Great work! Any plan to train a smaller version, e.g. around 3B?
Hello,
It's a really great work which contributes a lot to the community!
Do you have any plan to train a smaller version of large world model (e.g., 1~3B), which may be based on smaller models like Phi-2? It should be much easier and use less computing resources.
If other researchers have such plan, please reply and we may work together!
Thanks for your interest. We don't have plans to train a smaller model at the moment
@StarCycle This is an amazing project but, I'm just going to try to load it 8bit (i don't even know if it will work). I have a 4070ti, never loads f16 let alone 32 for 7B models. If there was a way for the community to pinch in and help you guys to do the training on tinyllama or phi3 it would be awesome. I have no idea how much it would cost, I don't think it's cheap or affordable. If it's any of the two I'm jumping in.

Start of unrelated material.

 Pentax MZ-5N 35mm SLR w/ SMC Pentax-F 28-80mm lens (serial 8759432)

@StarCycle This is an amazing project but, I'm just going to try to load it 8bit (i don't even know if it will work). I have a 4070ti, never loads f16 let alone 32 for 7B models. If there was a way for the community to pinch in and help you guys to do the training on tinyllama or phi3 it would be awesome. I have no idea how much it would cost, I don't think it's cheap or affordable. If it's any of the two I'm jumping in.

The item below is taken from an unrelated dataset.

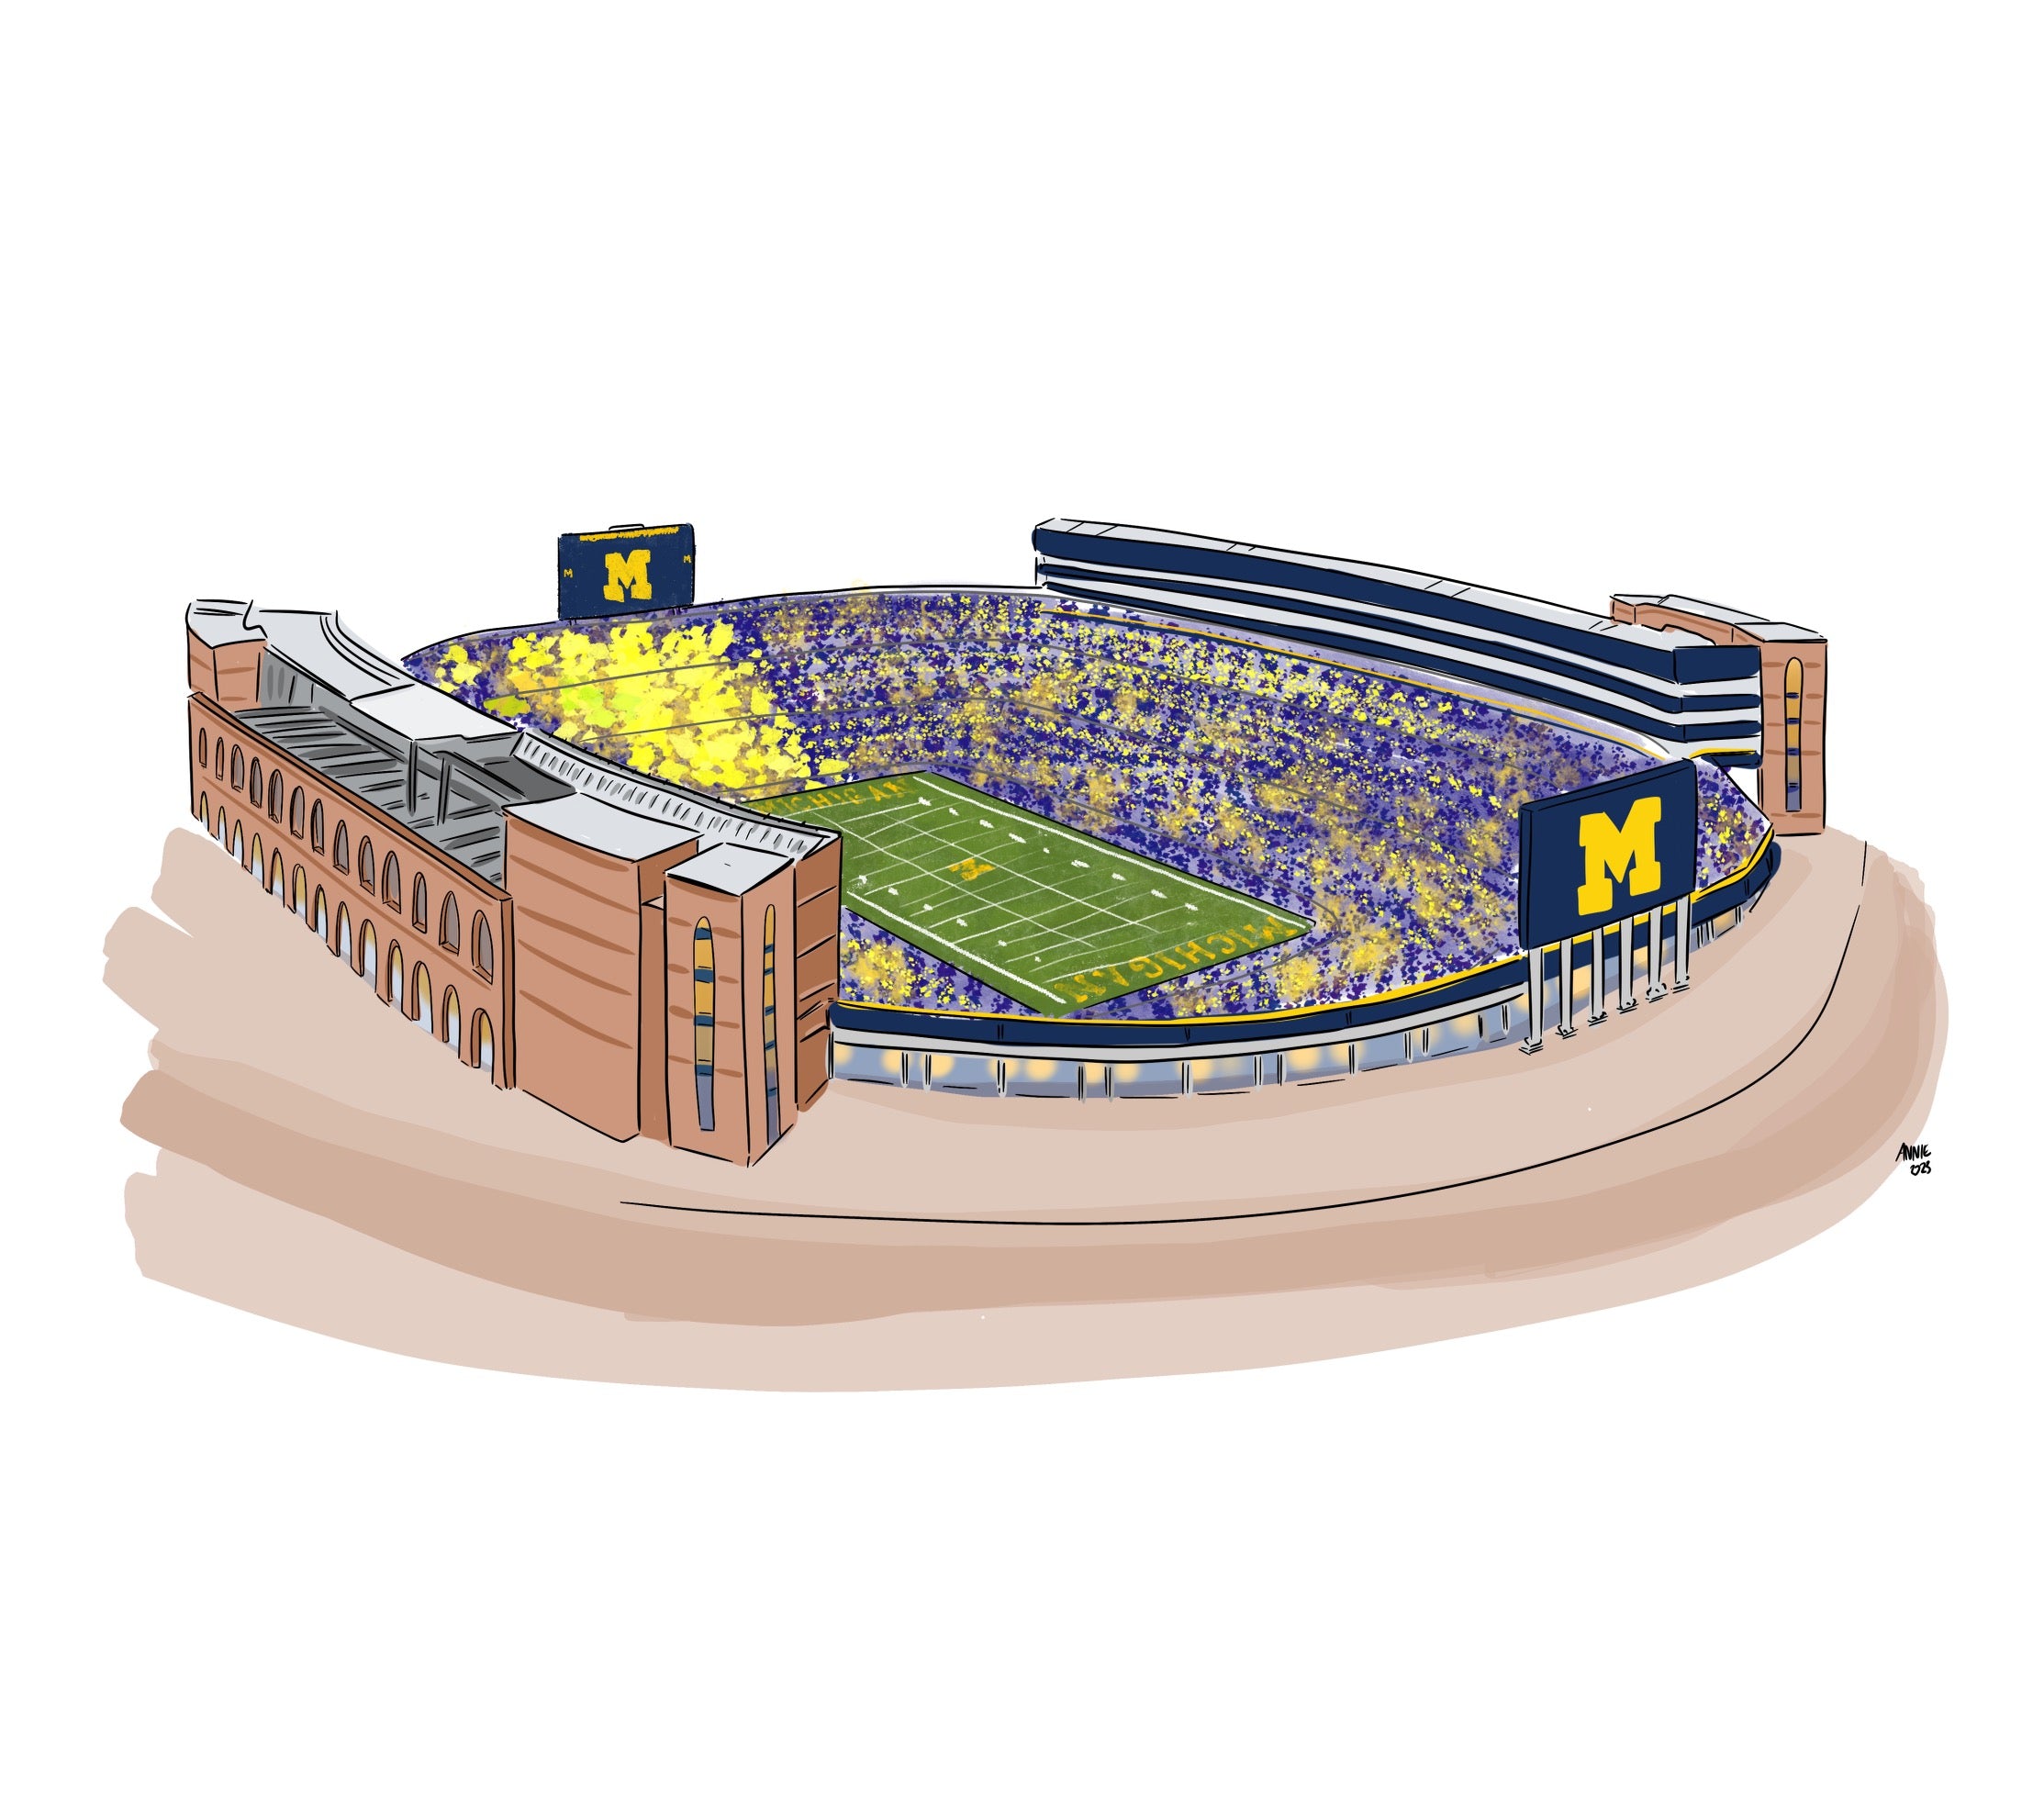 The Big House - University of Michigan

Hi @befman123, I tried to generate video with LWM. It needs a quite large GPU memory to achieve that (I had to use A100 80G or H100). After 3 minutes, I got a video with 2 second and the quality is bad. Btw, I am not familiar with Jax though I hear that Jax is quite efficient even on Nvidia GPU.
I think maybe we can wait for Meta to make their Chameleon open source, which is similar to LWM (text and image generation with LLM + VQGAN encoder/decoder, without video generation). Bytedance also made their VAR open-source. The smallest version of VAR only has 310M parameters. The best news: they are written in pytorch.
Perhaps you can first start with finetuning these pytorch model? If you like, we can set up a discord server first and check how many people are also interested in it!